It was now proper to examine whether the alkali suffered any loss in becoming caustic, which I proposed to attempt by ascertaining the strength of the ley, or the quantity of salt which a given portion of it contained; from which by computation some imperfect knowledge might be obtained of the quantity of caustic produced from the eighteen ounces of mild salt.
I therefore evaporated some of my ley, but soon perceived that no certain judgment could be formed of its strength in this way, because it always absorbed a considerable quantity of air during the evaporation, and the dried salt made a pretty brisk effervescence with acids, so that the ley appeared stronger than it really was; and yet, upon proceeding in the estimate from this rude and unfair trial, it appeared that the salt had lost above a sixth in becoming caustic, and the quantity of acid saturated by two drams of it was to the quantity of acid saturated by two drams of salt of tartar, nearly as six to five.
These experiments are therefore agreeable to that part of the second proposition which relates to the caustic alkali.
Upon farther examining what changes the alkali had undergone, I found that the ley gave only an exceeding faint milky hue to lime-water; because the caustic alkali wants that air by which salt of tartar precipitates the lime. When a few ounces of it were exposed in an open shallow vessel for four and twenty hours, it imbibed a small quantity of air, and made a slight effervescence with acids. After a fortnight's exposure in the same manner, it became entirely mild, effervesced as violently with acids, and had the same effect upon lime-water as a solution of an ordinary alkali. It likeways agrees with lime-water in this respect, that it may be kept in close vessels, or even in bottles which are but slightly covered, for a considerable time, without absorbing a sensible quantity of air.
In order to know how much lime it contained, I evaporated ten ounces in a small silver dish over a lamp, and melted the salt, after having dissipated the water.[8]
The caustic thus produced was dissolved again in a small quantity of water, and deposited a trifling portion of sediment, which I imagined at first to be lime; but finding that it could easily be dissolved in a little more water, concluded it to be a vitriolated tartar, which always accompanies the fixed alkali of vegetables.
I then saturated the solution of the caustic salt with spirit of vitriol, expecting thus to detect the lime; because that acid precipitates a calcarious earth from its ordinary solutions. During the saturation, a large quantity of white powder was formed; but this likeways turned out to be a vitriolated tartar, which had appeared in the form of a powder, because there was not enough of water in the mixture to dissolve it.
Lastly, I exposed a few ounces of the ley in an open shallow vessel so long, that the alkali lost the whole of its causticity, and seemed entirely restored to the state of an ordinary fixed alkali; but it did not however deposite a single atom of lime. And to assure myself that my caustic ley was not of a singular kind, I repeated the same experiments with an ordinary soap-ley, and with one made by mixing one part of a pure fixed alkaline salt with three parts of common stone lime fresh slaked and sifted; nor could I discover any lime in either.
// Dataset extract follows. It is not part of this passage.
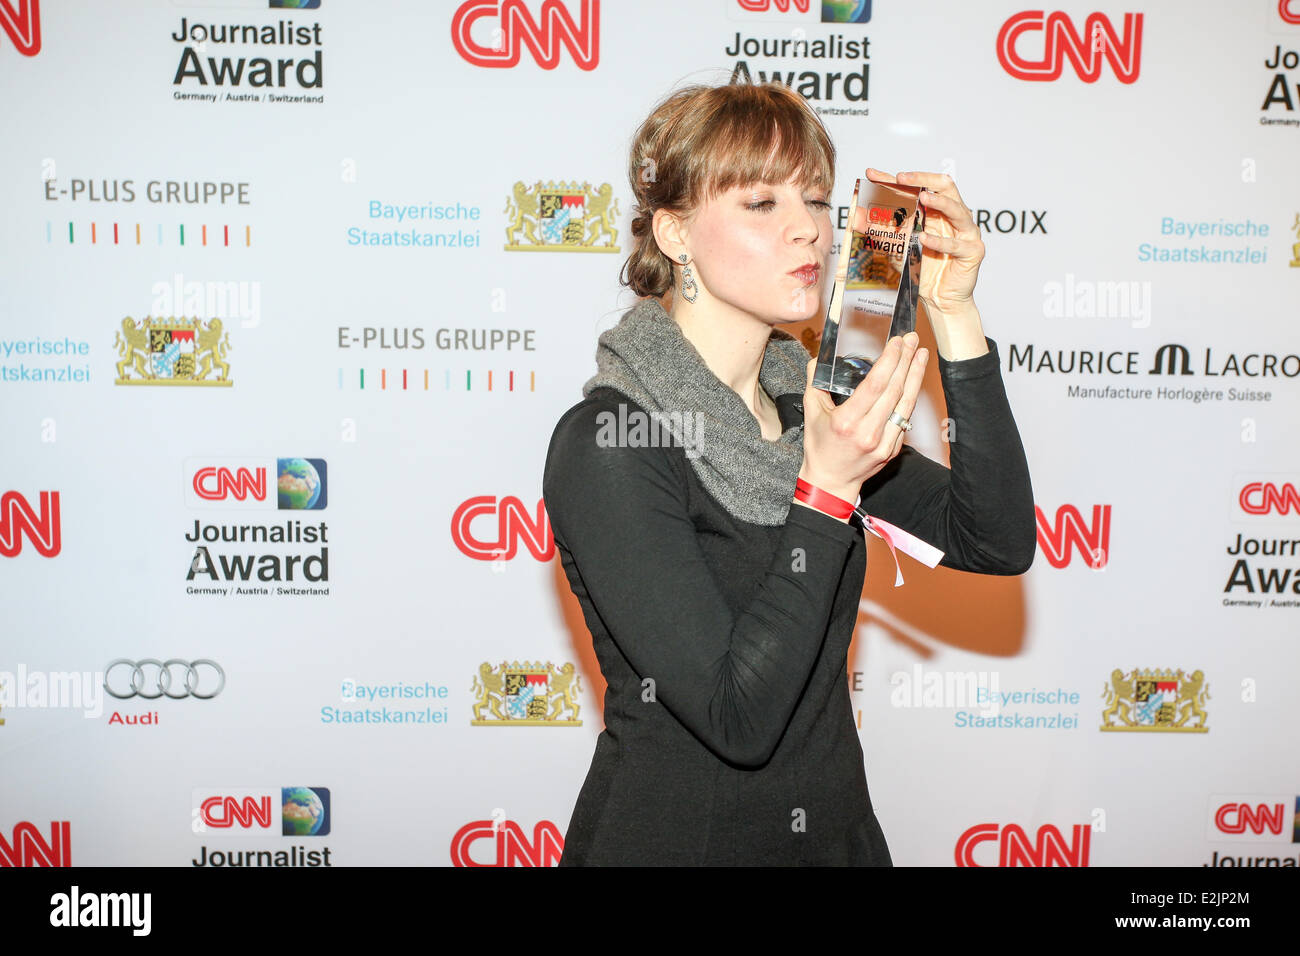 Sabine Rossi at the CNN Journalist Award at Kuenstlerhaus am Lenbachplatz square.  Where: Munich, Germany When: - Stock Image
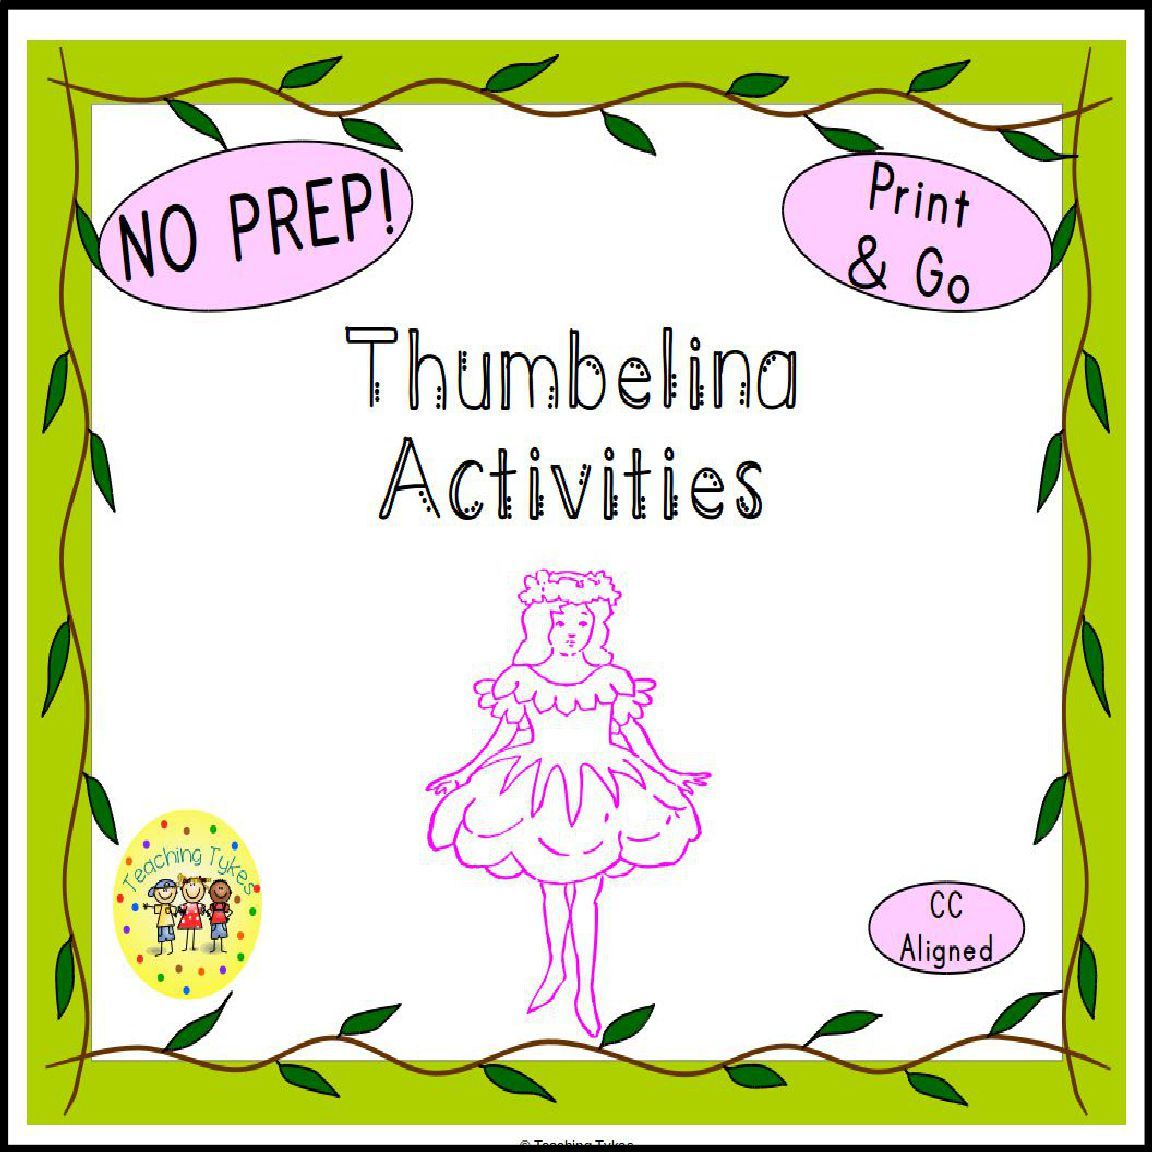 Thumbelina Activities | Fairy Tales Activities and Ideas ...

The first of these contained a small quantity of brimstone, and was far from being perfectly caustic, for it made a pretty brisk effervescence with acids; but the last was so entirely deprived of its air, that it did not diminish in the least the transparency of lime-water.
These experiments seem therefore to support the fourth proposition, and to shew that the caustic alkali does not contain any lime.
As it seems probable, from the quickness and ease wherewith the alkali was rendered caustic, that more lime had been employed than what was just sufficient to extract the whole of its air, we are surprised to find that little or none of the superfluous quick-lime was dissolved by the water. But this phænomenon will become less surprizing, by comparing it with some similar instances in chemistry. Water may be made to deposite a salt, by the admixture of a substance which it attracts more strongly than it does that salt; such as spirit of wine; and quick-lime itself may be separated from water upon the same principle; for if that spirit is added to an equal quantity of lime-water, the mixture becomes turbid and deposites a sediment, which, when separated and dissolved again in distilled water, composes lime-water. We may therefore refer the above phænomenon, with respect to the ley, to the same cause with these, and say, that the water did not dissolve the lime, because it already contained a caustic alkali, for which it has a superior attraction.